Win Suen wrote about a machine learning system running in production at Dropbox that decides for which files previews should be rendered: Cannes: How ML saves us $1.7M a year on document previews. She goes into two design considerations for building a highly performant AI system: the cost-benefit tradeoff of ML-powered infrastructure savings (rendering fewer previews to save compute vs. hurting user experience by not having previews) and the model complexity tradeoff (prediction accuracy vs. interpretability and cost of deployment). The final model is a gradient-boosted classifier that can “predict previews up to 60 days after time of pre-warm with >70% accuracy.”
Facebook has launched a significantly improved version of its automatic alternative text (AAT) feature, which helps blind or visually impaired people understand the contents of images in their Facebook feed. As explained in Facebook’s tech blog post, this new version of AAT can recognize over 1,200 distinct concepts. Interestingly, the model was trained on weakly supervised data, using the hashtags on billions of public Instagram images as labels. So if you’ve ever posted a picture of your latte and tagged it #latte on Instagram, you may have had a tiny impact on this feature. The blog post also details the user research that went into improving AAT — something I think we usually don’t hear enough about (or do enough of!) in productized AI — so make sure to give it a read. (I wish I could credit the person who wrote this post, but sadly Facebook keeps these posts anonymous, which seems a bit out of character for the company.)
Naveen Arivazhagan and Colin Cherry wrote a post for the Google AI Blog about how they solved a problem with the live speech translation feature in Google Translate: translations would frequently get updated as more of the transcribed text became available, which users found distracting. It’s a cool glimpse into all the stuff besides just model accuracy and speed that are important to get right for a successful AI-powered product, and into how engineers think about turning these nonfunctional requirements into measurable performance metics they can optimize for.
Creative Commons photo sharing site Unsplash (where I also have a profile!) has launched a new feature: Visual Search, similar to Google’s search by image. If you’ve found a photo you’d like to include in a blog post or presentation, for example, but the image is copyrighted, this new Unsplash feature will help you find similar-looking ones that are free to use. The launch post doesn’t go into detail about how Visual Search works, but I’m guessing some (convolutional) classification model extracts features from all images on Unsplash to create a high-dimensional embedding; the same happens to the image you upload, and the site can then serve you photos that are close together in this embedding space. (Here’s an example of how you’d build that in Keras.)

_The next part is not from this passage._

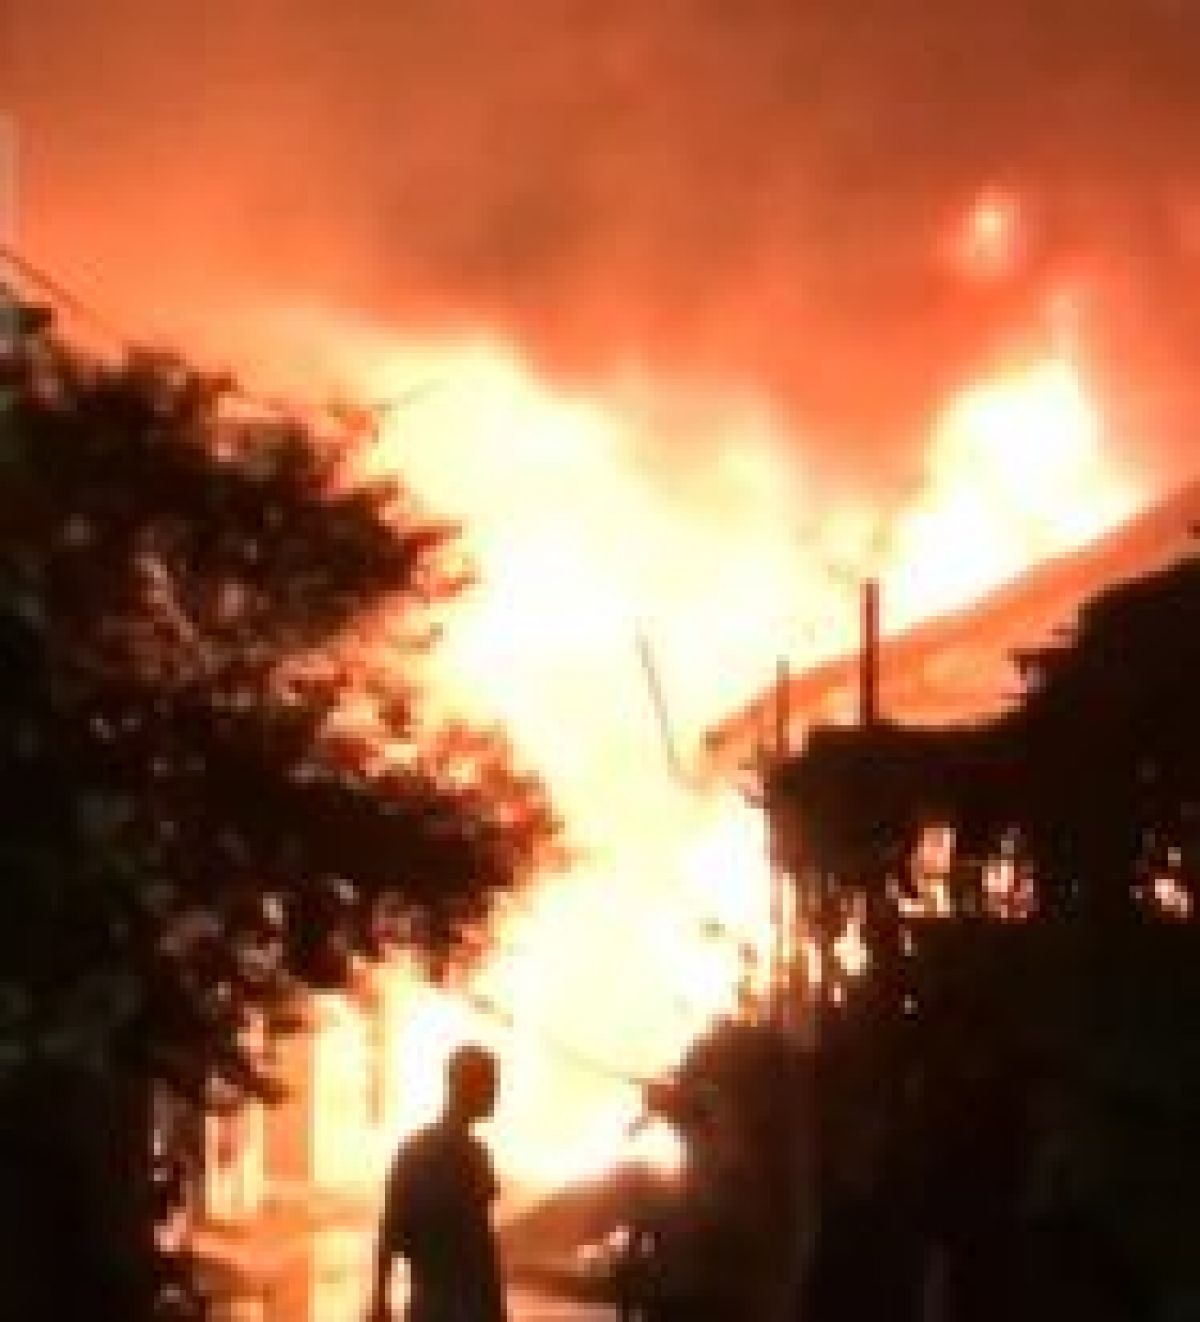 Một cửa hàng bán phụ tùng xe máy tại TP Hội An bị cháy trong đêm

Business Insider’s Mathias Döpfner did a long new interview with Elon Musk. It covers a lot, and most of it isn’t too relevant to DT, but this Musk quote is: “I’m extremely confident that Tesla will have level five [self driving] next year, extremely confident, 100%.” Yes, this definitely isn’t the first time Musk has claimed full self driving is just around the corner, but my slightly contrarian take (from a few months ago) is that I actually do think Tesla will get to a useful level of self-driving — deployed at scale in consumer cars — first. Their big bet years ago that vision (without LIDAR) is enough for autonomy has enabled them to be years ahead of the competition with their dataset. They’ve harnessed their fleet of Telsas on real roads for very clever sampling, feedback loops (ghost mode), and regression testing; Andrej Karpath, (Tesla’s head of AI, had a really great talk on all this in April last year.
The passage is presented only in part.